West era materialista, no creía en el alma y atribuía toda función de la razón a funciones corporales, por consiguiente, no esperaba ninguna declaración sobre aterradores secretos de abismos y cavernas más allá del umbral de la muerte. Yo no discrepaba completamente de su teoría, aunque mantenía vagos e instintivos rastros de la primitiva fe de mis familiares, de manera que no podía dejar de observar el cadáver con cierto recelo y terrible expectación. Además, no lograba borrar de mi memoria aquel grito espantoso e inhumano que escuchamos la noche en que probamos nuestro primer experimento en la solitaria granja de Arkham.

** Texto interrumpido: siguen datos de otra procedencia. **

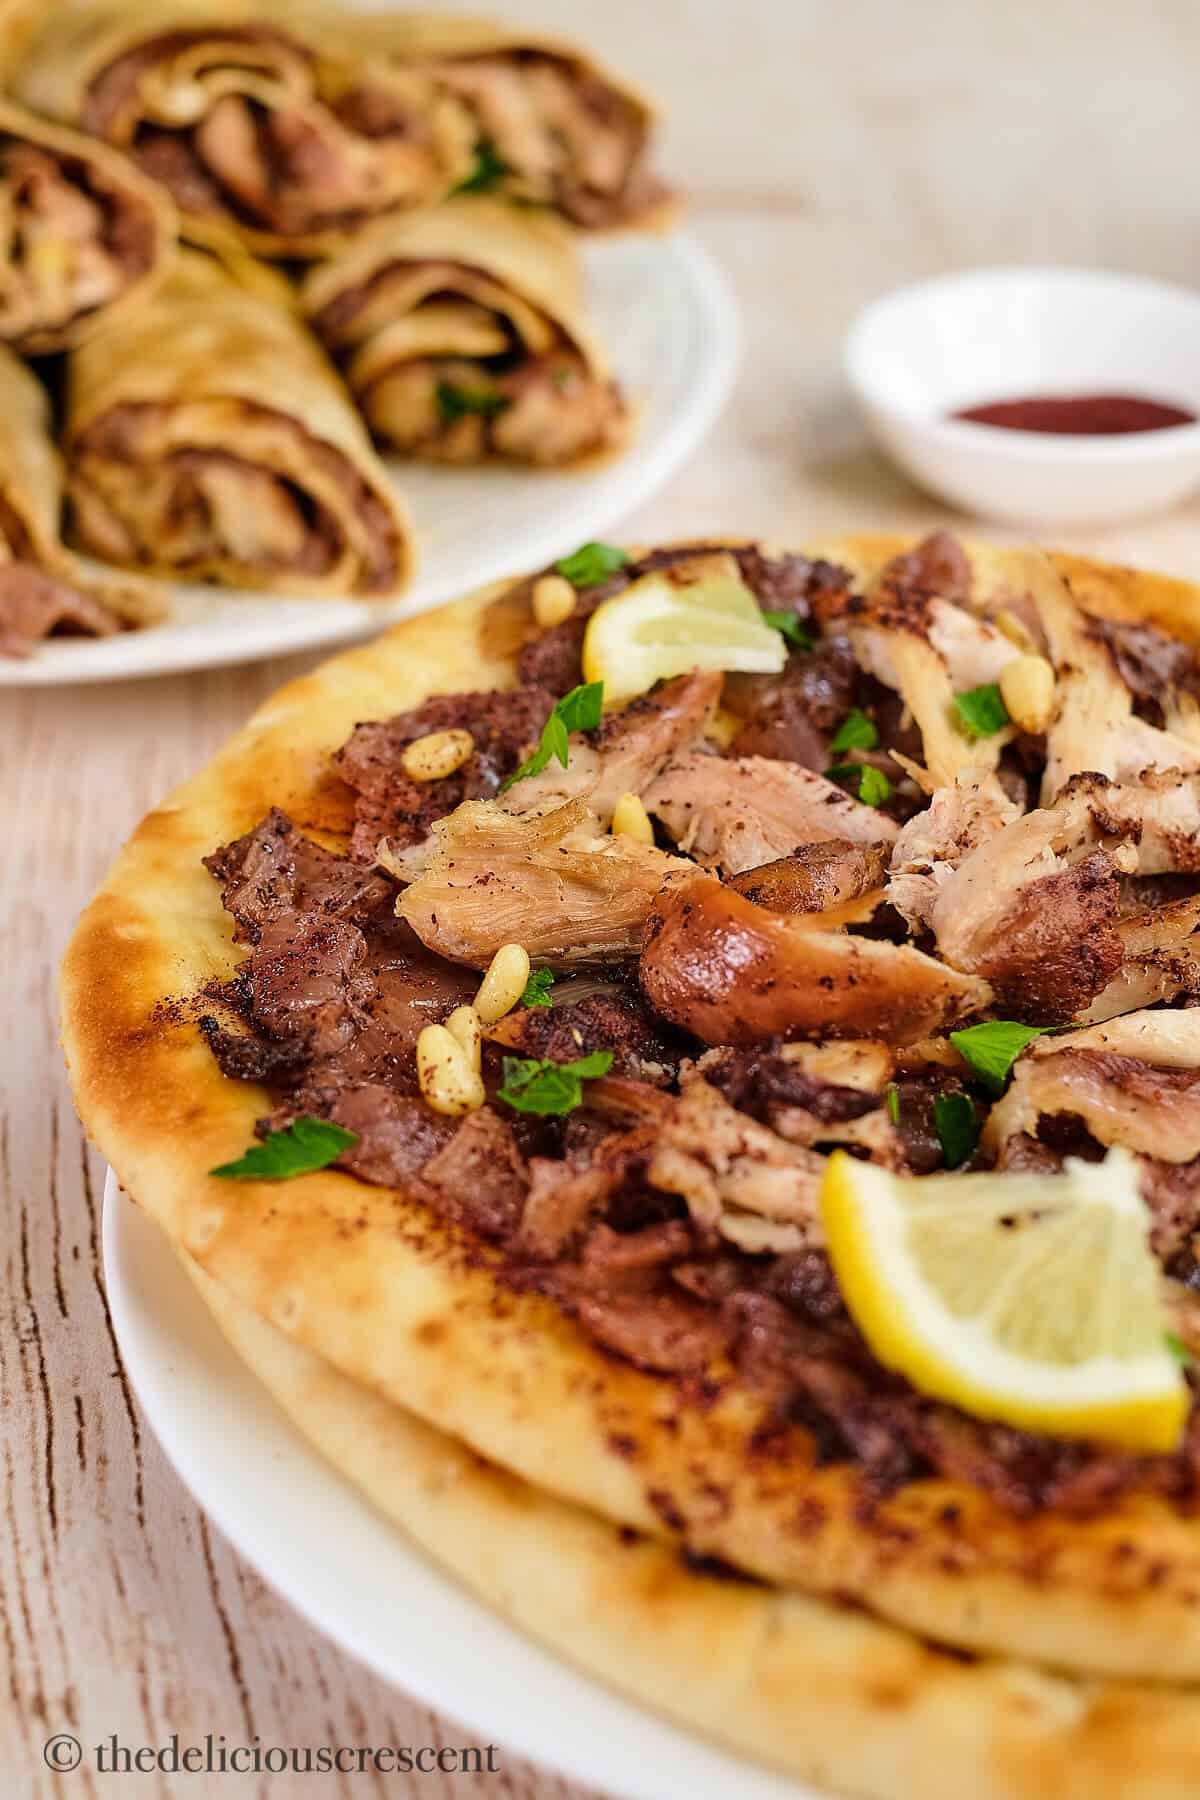 Palestinian sumac chicken onion flatbread served on the table.

Había pasado muy poco tiempo cuando me di cuenta de que el ensayo no iba a ser un fracaso total. Sus mejillas, hasta ahora blancas como la pared, habían tomado un levísimo color, que luego se extendió bajo la barba incipiente, llamativamente amplia y arenosa. West, que tenía su mano puesta en el pulso de la muñeca izquierda del ejemplar, de pronto asintió elocuentemente y casi de manera simultánea, apareció un vaho en el espejo colocado sobre la boca del cadáver. Siguieron unos cuantos movimientos musculares temblorosos y a continuación una respiración perceptible y un movimiento evidente del pecho. Observé los ojos cerrados y me pareció percibir un temblor. Después, se abrieron y mostraron unos ojos grises, serenos y vivos, aunque aún sin inteligencia y ni siquiera curiosidad. Impulsado por una fantástica ocurrencia, murmuré unas preguntas en la oreja cada vez más colorada, unas preguntas sobre otros planos cuyo recuerdo aún podía estar presente. Era el pánico lo que las extraía de mi cabeza, y creo que la última que repetí fue: “¿Dónde has estado?”. Aún no sé si me contestó o no, ya que no salió ningún sonido de su bien formada boca. Lo que sí recuerdo es que en aquel momento creí sólidamente que los delgados labios se movieron levemente, formando sílabas que yo habría interpretado como “solo ahora” si la frase hubiese tenido sentido o alguna correspondencia con lo que le interrogaba. En aquel instante me sentí colmado de alegría, persuadido de que habíamos logrado el gran objetivo y que, por primera vez, un cuerpo reanimado había mencionado palabras impulsado claramente por la verdadera razón. Un segundo después, ya no cupo ninguna duda sobre el triunfo, ninguna duda de que la sustancia había cumplido totalmente su función, al menos de forma transitoria, devolviéndole al muerto una vida racional y articulada… Pero, con ese triunfo me atacó el más grande de los terrores… no a causa del ser que había hablado, sino por el acto que había presenciado, y por el hombre a quien me unían los acontecimientos profesionales. Porque aquel cadáver fresco, cobrando conocimiento finalmente de forma espantosa, con los ojos dilatados por el recuerdo de su última circunstancia en la tierra, manoteó delirante en una lucha de vida o muerte con el aire y, de súbito, se derrumbó en una segunda y definitiva disolución, de la que ya no pudo regresar, emitiendo un grito que retumbará eternamente en mi mente atormentada:

—¡Auxilio! ¡Aléjate, pelirrojo maldito... demonio… aparta esa maldita aguja!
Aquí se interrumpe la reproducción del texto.